Bayang-bayang Getir Pernikahan Anak di Pulau Raman
Faktor ekonomi selama pandemi mendorong orangtua mencari jalan keluar lewat cara instan, menyerahkan anak perempuannya dinikahkan. Pernikahan dini yang dialami anak-anak merupakan bentuk kekerasan yang tak mereka sadari.

Warga membubuhkan tanda tangan saat aksi damai tolak kekerasan seksual pada perempuan di Jalan Darmo, Surabaya, Minggu (9/12/2018). Mereka mendesak untuk segera disahkannya RUU Penghapusan Kekerasan Seksual.
Pandemi menguak pahitnya menghadapi masa depan bagi remaja perempuan di Pulau Raman. Angka pernikahan dini naik tajam. Membawa kerentanan reproduksi dan kesehatan yang mengancam nyawa.
Selama dua tahun pandemi Covid-19, pernikahan di bawah umur naik tajam di Desa Pulau Raman, Kecamatan Muara Bulian, Kabupaten Batanghari, Jambi. Datanya terekam di Pengadilan Negeri Muara Bulian.
Tahun 2020 dan 2021, pemberian dispensasi pernikahan di bawah umur mencapai 68 dan 70 kasus. Angka itu naik hampir tiga kali lipat dibandingkan dengan tahun 2019 yang mencapai 25 kasus dan tahun 2018 sebanyak 14 kasus. Sebagian besar kasus pernikahan dini itu terjadi di Kecamatan Muara Bulian, khususnya di Desa Pulau Raman.
Penggerak perempuan dan juga anggota Badan Permusyawaratan Desa Pulau Raman, Anissa, menceritakan fenomena pernikahan dini di desa itu sangat terkait kondisi desa yang terisolasi, serta taraf ekonomi dan pendudukan yang masih rendah.
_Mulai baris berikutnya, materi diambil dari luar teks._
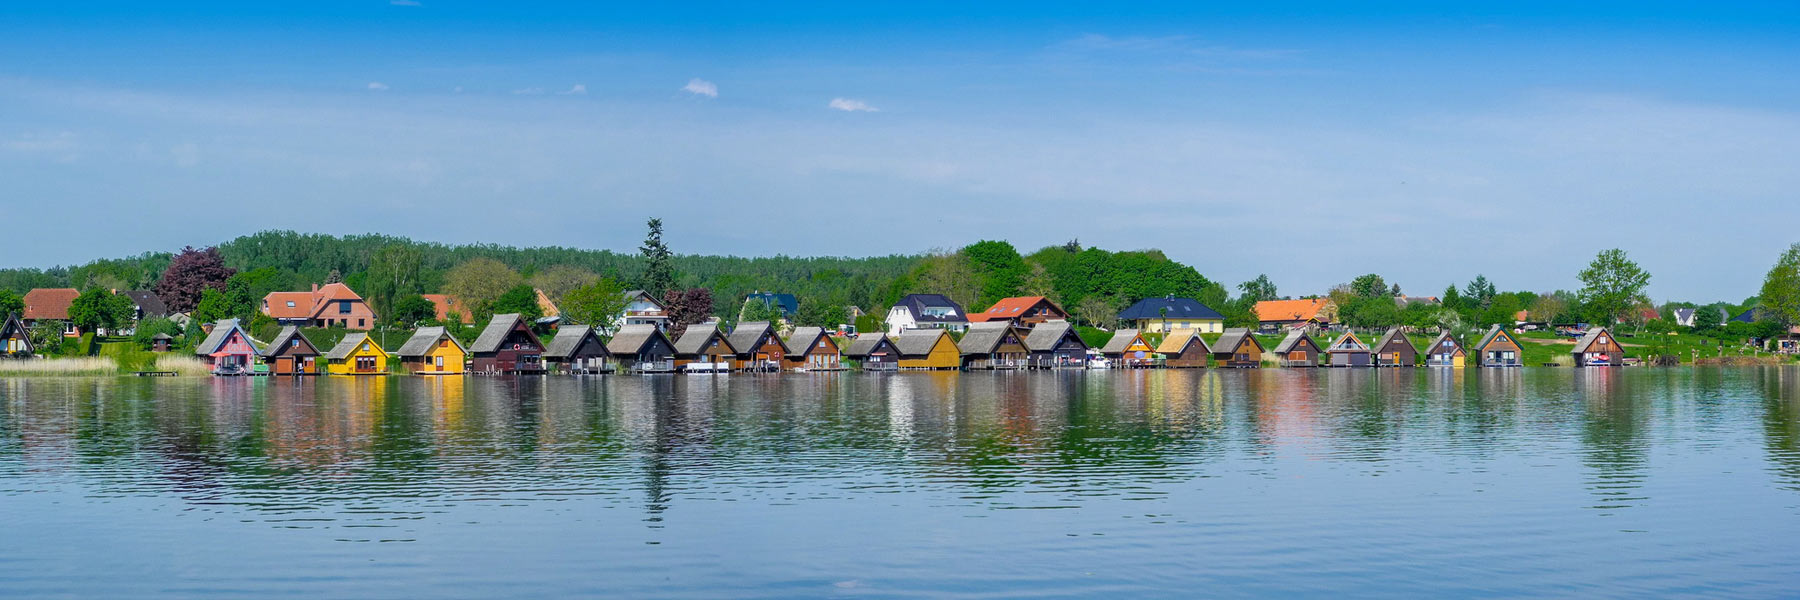 Bootshäuser - Mirow

”Termasuk kesadaran dan pengetahuan tentang reproduksi kesehatan juga masih lemah,” katanya, Jumat (10/6/2022).
Kondisi ekonomi masyarakat yang terpuruk selama pandemi Covid-19 melanda. Faktor itu mendorong sejumlah orangtua di Pulau Raman mencari jalan keluar lewat cara instan. Menyerahkan anak perempuannya dinikahkan.
Lewat cara inilah para orangtua merasa telah lepas dari kewajibannya untuk menyekolahkan dan memenuhi segala kebutuhan anaknya. ”Padahal, menikahkan anak belum tentu jadi solusi yang tepat,” ujar Zubaidah, aktivis Beranda Perempuan, lembaga nirlaba yang bergerak di bidang kesetaraan jender dan antikekerasan.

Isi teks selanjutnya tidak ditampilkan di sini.